Miraculous. <\mə-ˈra-kyə-ləs\>. Webster's dictionary defines it as suggesting a miracle: marvelous. I definitely agree. This past summer has been quite a roller-coaster of a ride. I never thought for a second that I would earn an IMDB, meet numerous celebrities and countless producers as well as industry professionals, and be surrounded by studios. I still can't believe it. I feel like I was blessed with a miracle to be allow this. For the first time in my life, my career is taking off in the right direction. No more talking to people who think they have a general idea of what the business might be. No more fantasizing about working in the industry. No more having to spend every opportunity of every birthday wish on hoping one day to be a producer. It has come true. I am now on my way climbing the very same ladder millions have attempted, but very few have succeeded.

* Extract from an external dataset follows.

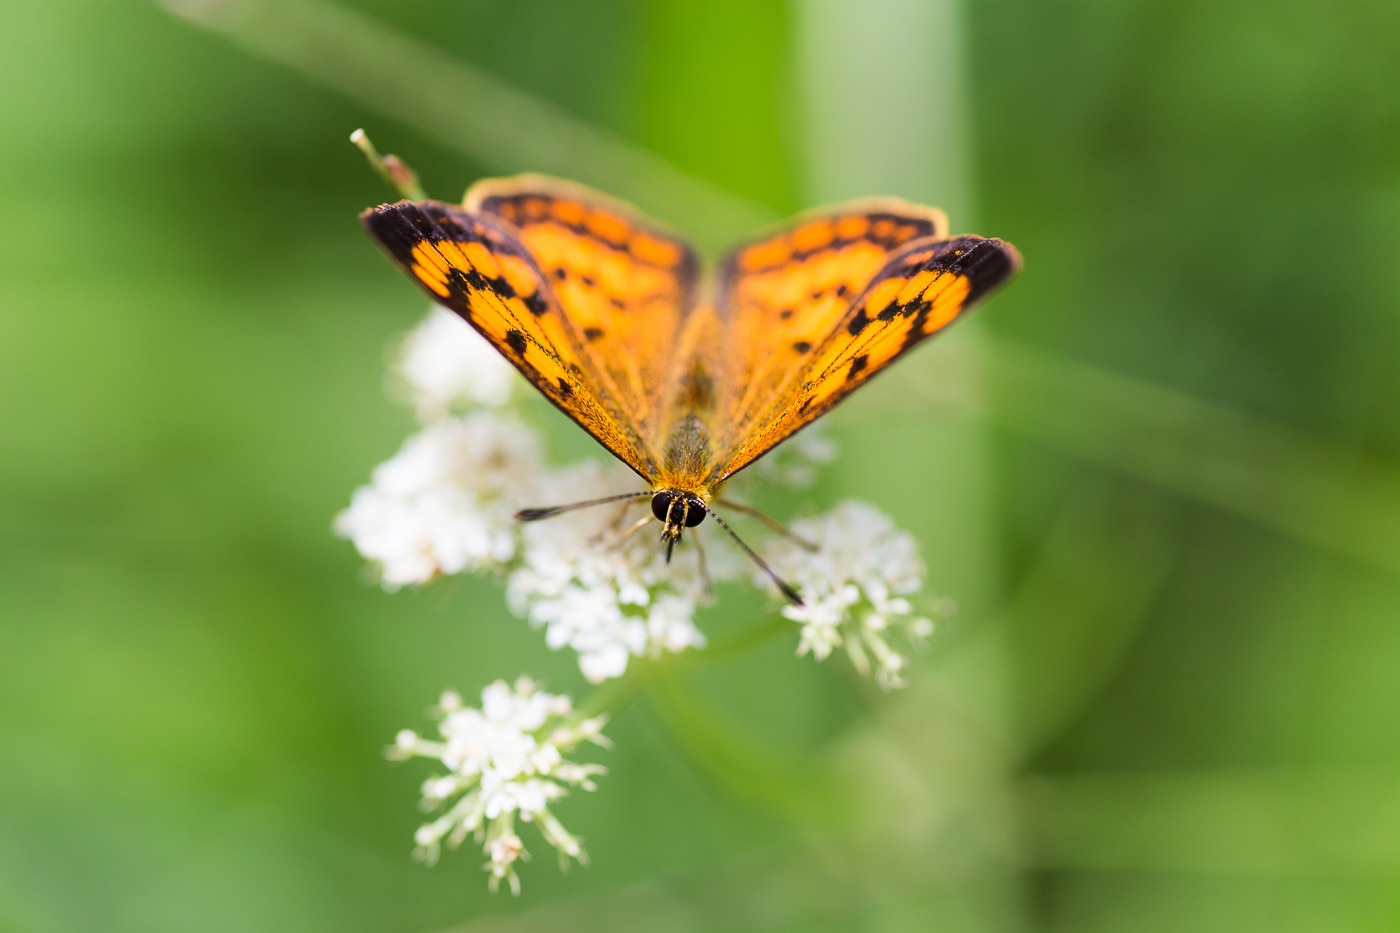 A copper butterfly
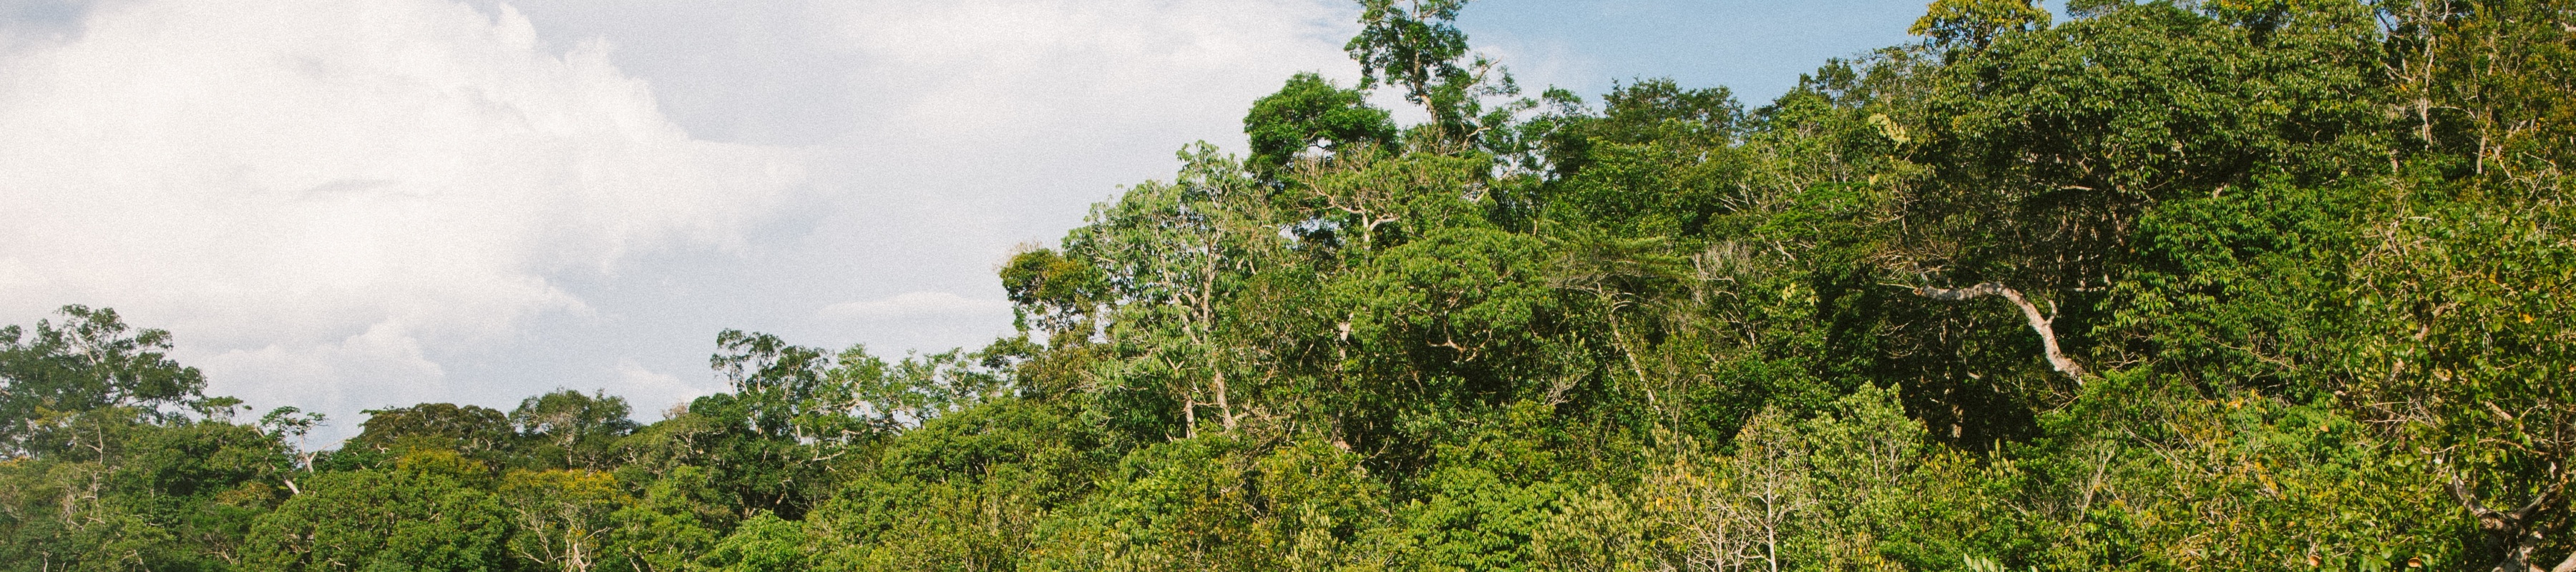 The treetops of an Amazon scene

Now, I am more determined than ever, now that I am so close. I can walk away from those who are pretentious dreamers who believe that they are the next Spielberg when in reality they can barely make a infommercial. I can choose from passion projects with beautiful stories or work on less worthy films for rent. I would do my best to pursue stories that will unveil cinematic brilliance to the human eye, but some of those sacrifices will be made to make crapper sequels, but hey someone has got to put dinner on the table. The fact is I, now, have choices. I am able to do what very few are able to do. Do what I love for a living.
Despite all the hours of over-working, extreme amount of unnecessary high stress, and all the social sacrifices I have made, it was all worth it. The internship, the semester in LA, and all the PA jobs in between. I finally established myself, and not only that, but I know which direction to go. Some told me I can definitely stay in this cut throat business, few told me I am a rising star, but only one told me, "I am already proud." My father. He smiles with tears in his eyes and shakes my hand, and congratulates as I announced that I got job offers along side multiple internship offers. His words warms my heart, my soul. Everything my parents sacrificed for me is all so clear. They left everything behind for me. I left them to go to Chicago to do the same. I left to get a better start for my family.
Lately, I have been over-stressed, and I quite often ask myself. "Why am I doing this? Why should I deal with these cluster fuck of idiots? Do I really want to work for these strangers?" Each time the answer is still the same. "I love movies, and there is nothing quite like it. I am doing this for my career. I am doing this for my family. This is for me. This is for all of us. For an opportunity of a better life." Now I get it. Like all those people on those reality shows competing for that prize, I am now one of them playing the game of Survivor in Tinseltown.
It is hard to make a dream a reality, but some how I am surviving those odds. I am making it. I have to make it, because it is all I have got. I have been talking to many of my close friends and they seem to admire my drive and work ethic. Honestly, I do work hard because I hate being bored. I hate sitting there doing nothing. I despise laziness. I work hard, I play hard. Whatever it is I do, it is with passion. That is my secret ladies and gentlemen. I just love everything I do. So maybe you should go out there and do something you love.